The reply is to contain the full listing, repeated exactly, with pictures left out.

**AVAILABLE DATA**
━━━━━━

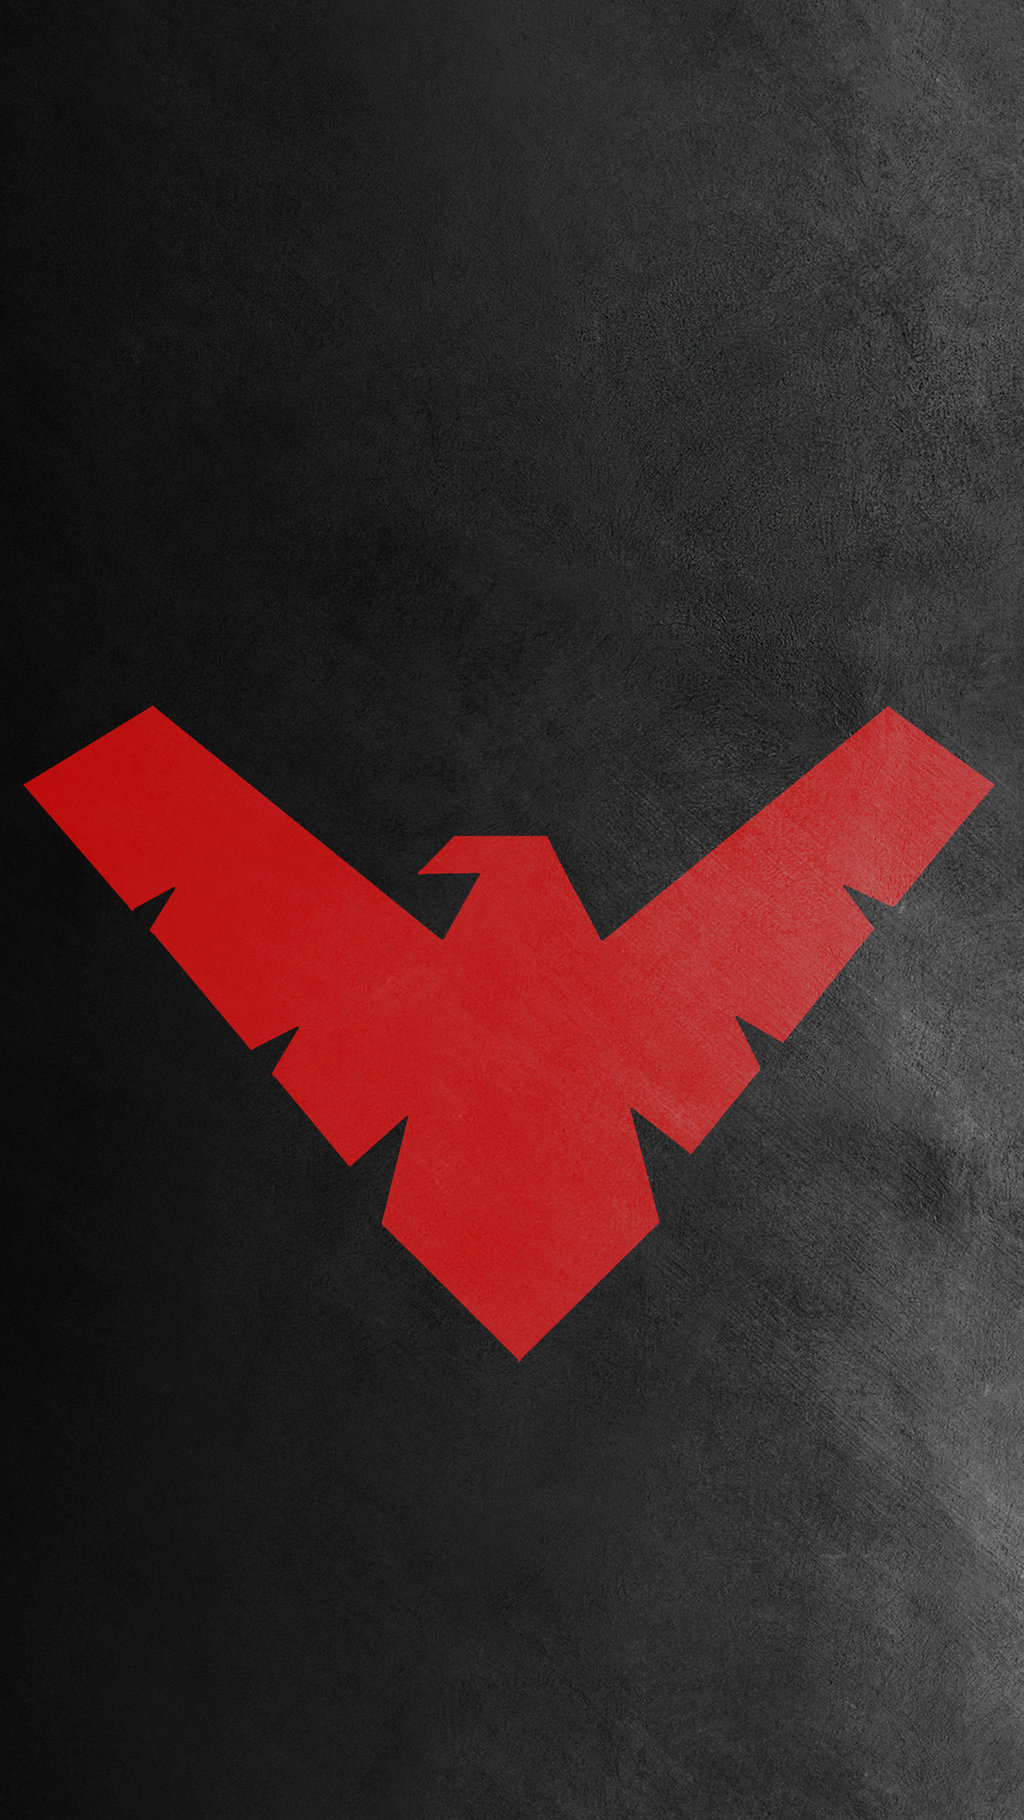 Nightwing Wallpaper Iphone Nightwing Iphone Wallpaper - Nightwing Logo Wallpaper Iphone , HD Wallpaper & Backgrounds
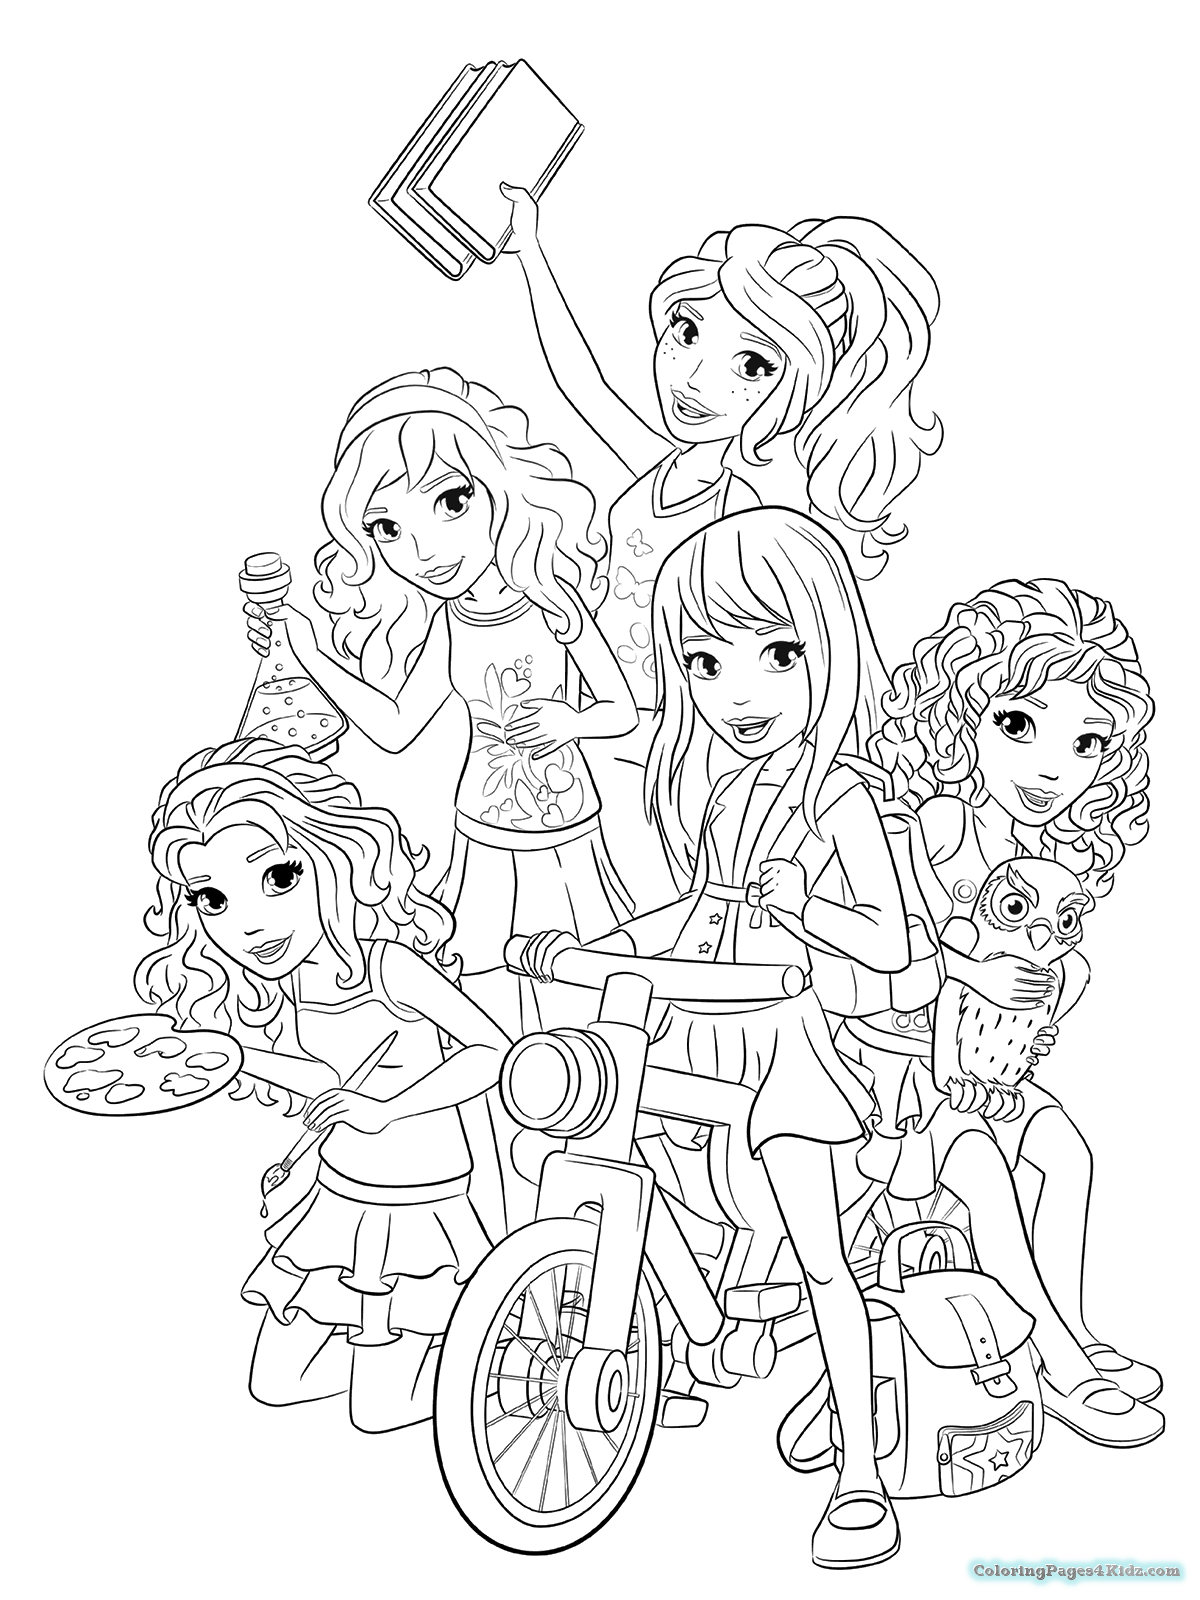 Lego Friends Coloring Pages   Childlife.me   Lego Coloring Pages ...
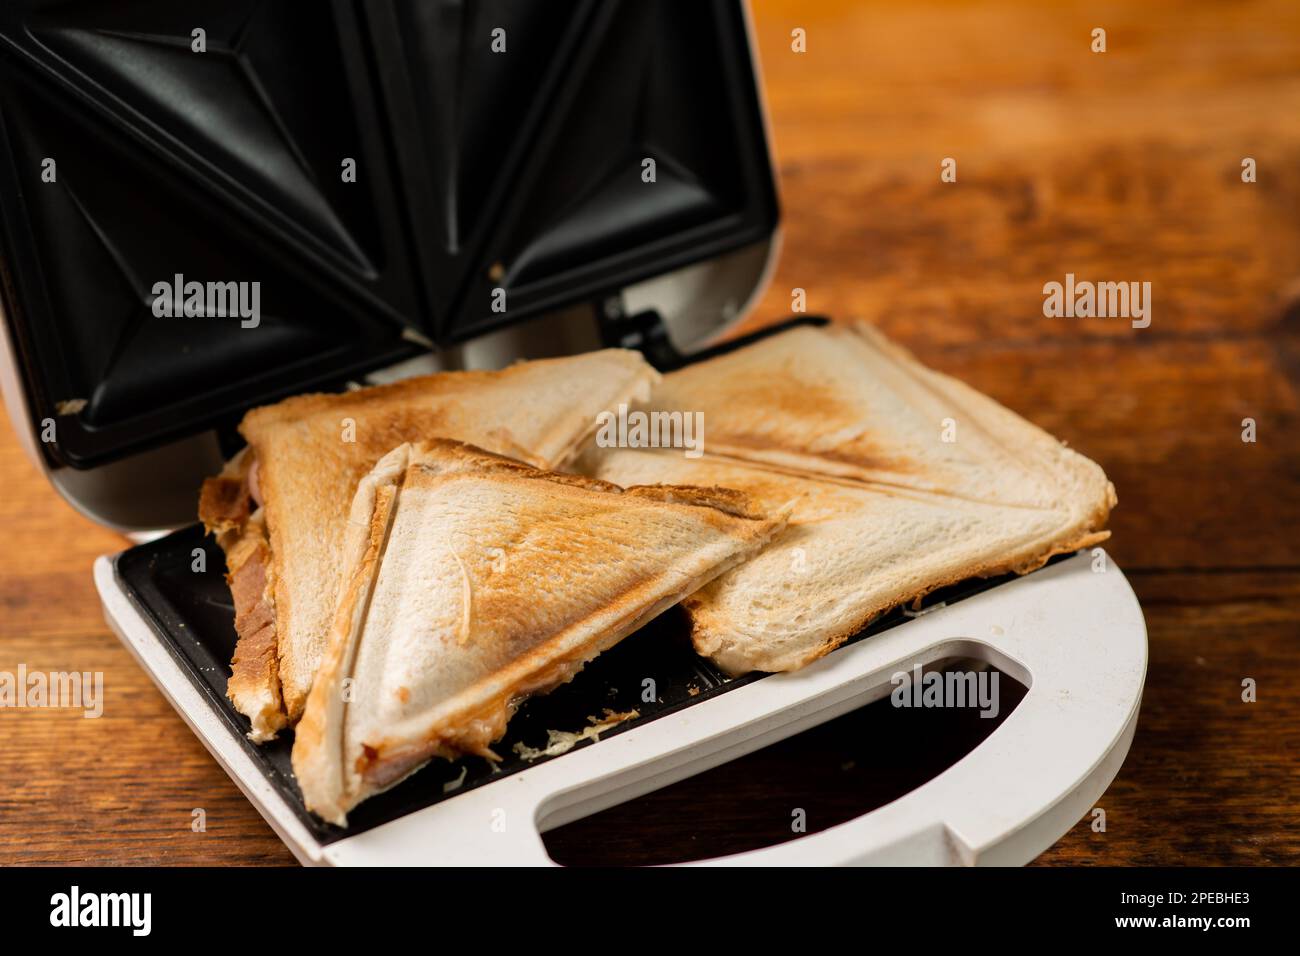 https://c8.alamy.com/comp/2PEBHE3/freshly-made-toasted-sandwiches-in-a-sandwich-maker-on-a-wooden-background-toasted-triangular-sandwiches-with-cheese-2PEBHE3.jpg

━━━━━━

**RESPONSE**
 Nightwing Wallpaper Iphone Nightwing Iphone Wallpaper - Nightwing Logo Wallpaper Iphone , HD Wallpaper & Backgrounds
 Lego Friends Coloring Pages   Childlife.me   Lego Coloring Pages ...
 https://c8.alamy.com/comp/2PEBHE3/freshly-made-toasted-sandwiches-in-a-sandwich-maker-on-a-wooden-background-toasted-triangular-sandwiches-with-cheese-2PEBHE3.jpg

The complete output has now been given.